As a follow-up to my posts on the testing and releng lists I met today with James Laska, Jesse Keating, Bill Nottingham, Paul Frields to harness the power of Fedora Talk and Gobby to hammer out the Release Engineering and QA schedules.
It took a little longer than I had hoped (1.5 hours), but one can only imagine how long it would have taken if we had continued the route we were going over email. I don’t think we would have come up with as many good ideas or ways to make the task flow as well either. I keep saying it, but I’m not sure how many people agree–sometimes we just get more done when we talk on the phone and have something we can all see an interact with–no matter where we were. In contrast to to our Design meeting on Friday, this time we had two people on the west coast collaborating with three people on the east coast–all in different locations!
Check out the latest version of the Release Engineering schedule or add the iCal file to your favorite calendaring application.

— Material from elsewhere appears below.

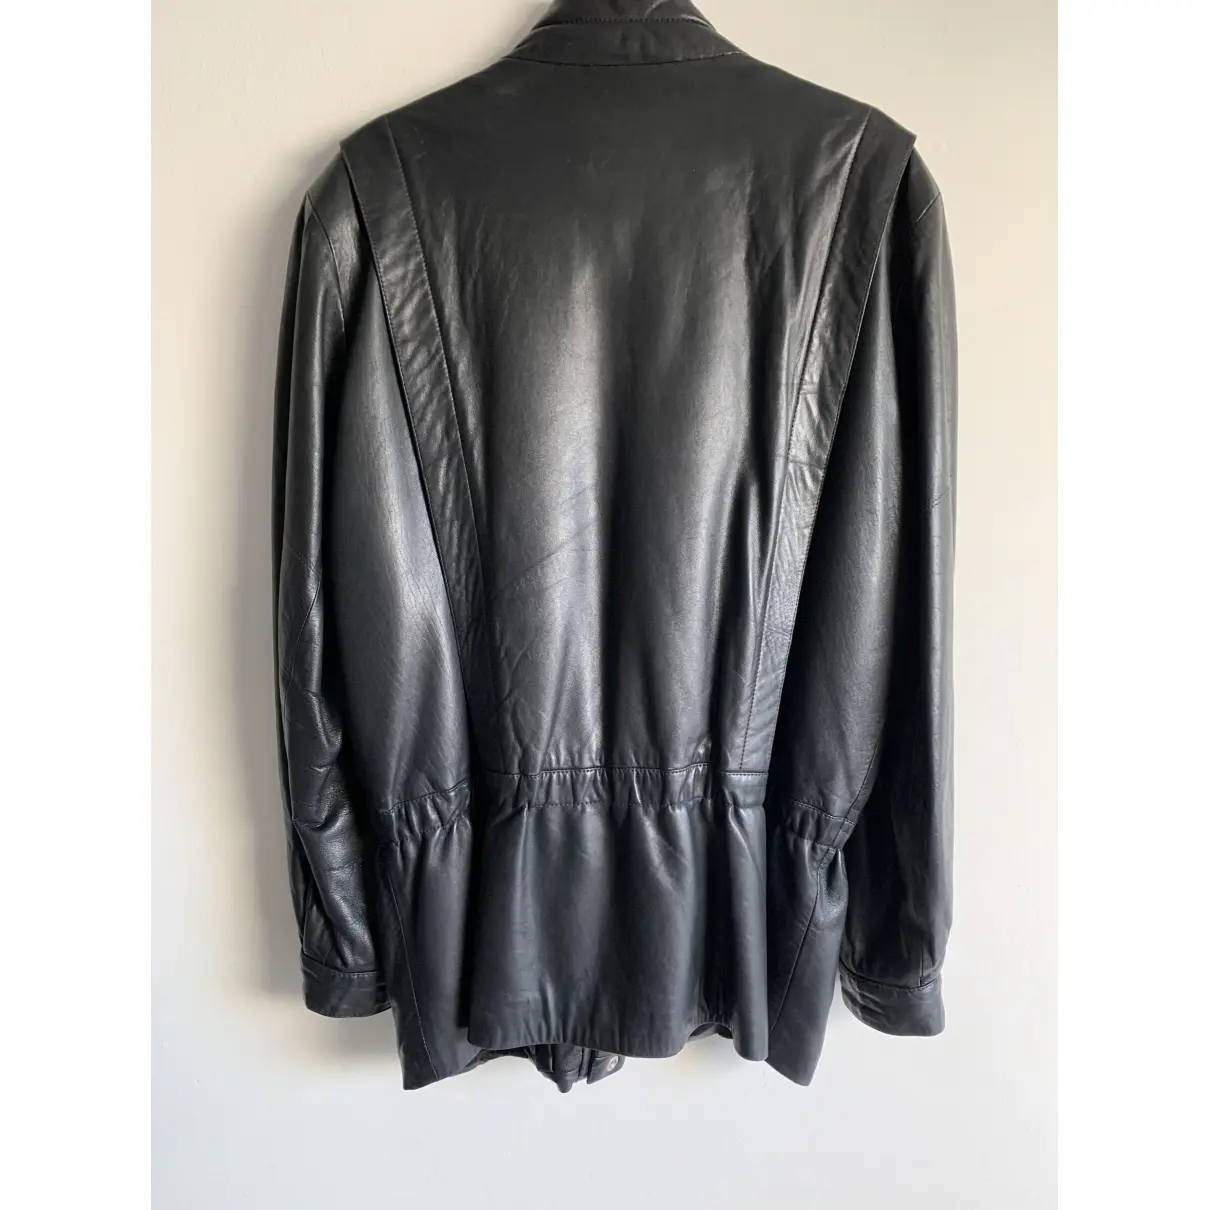 Buy Claude Montana Leather jacket online - Vintage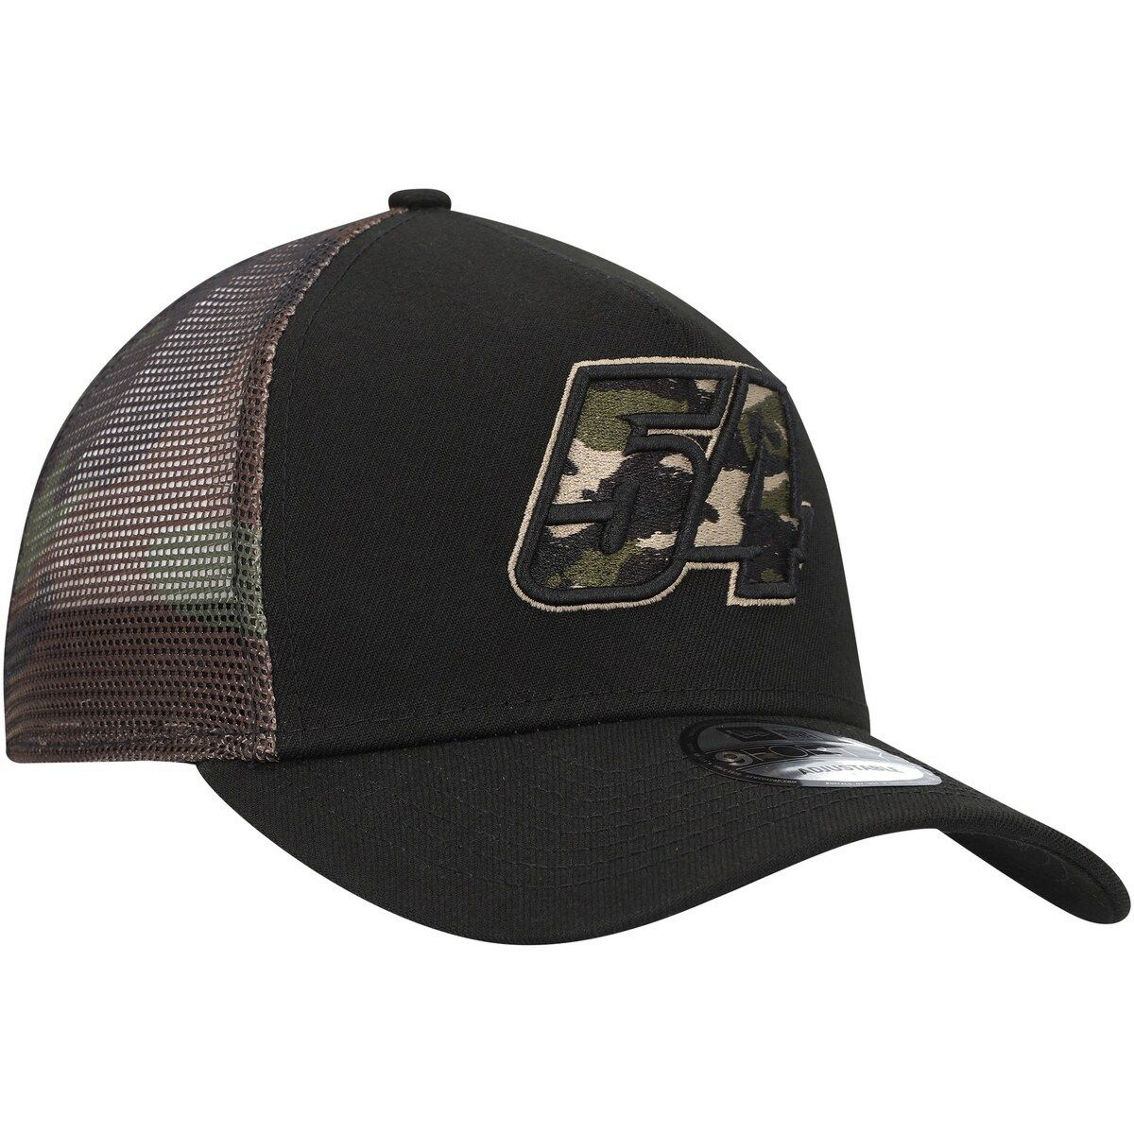 New Era Men's Black/Camo Ty Gibbs A-Frame Trucker 9FORTY Snapback Hat - Image 4 of 4

Here is a summary of some of the interesting things that came out of the schedule discussion:
- we made sure there were enough blocker bug review meetings ahead of each freeze and test release candidate creation
- we will not create Release Candidates if there are bugs remaining on the the blocker list
- if we cannot create the Release Candidates because the blocker list is not clear we will move to slip the release a week
- at the final blocker review on Monday, 2009-10-26 if the blocker list is clear we will move forward with the release–regardless of what might be found after the fact because of the inability to unwind PR activities that have been set in motion.
I think this is a great move forward for setting forth how we propose to handle the end-game of our releases and also creating the contingency plans now. I’m a little sceptical of the last bullet because I have never seen Fedora be this inflexible. I’m also wondering if there is a little flexibility in the PR process that has been misunderstood. I’m sure we will figure out a good way to go about it.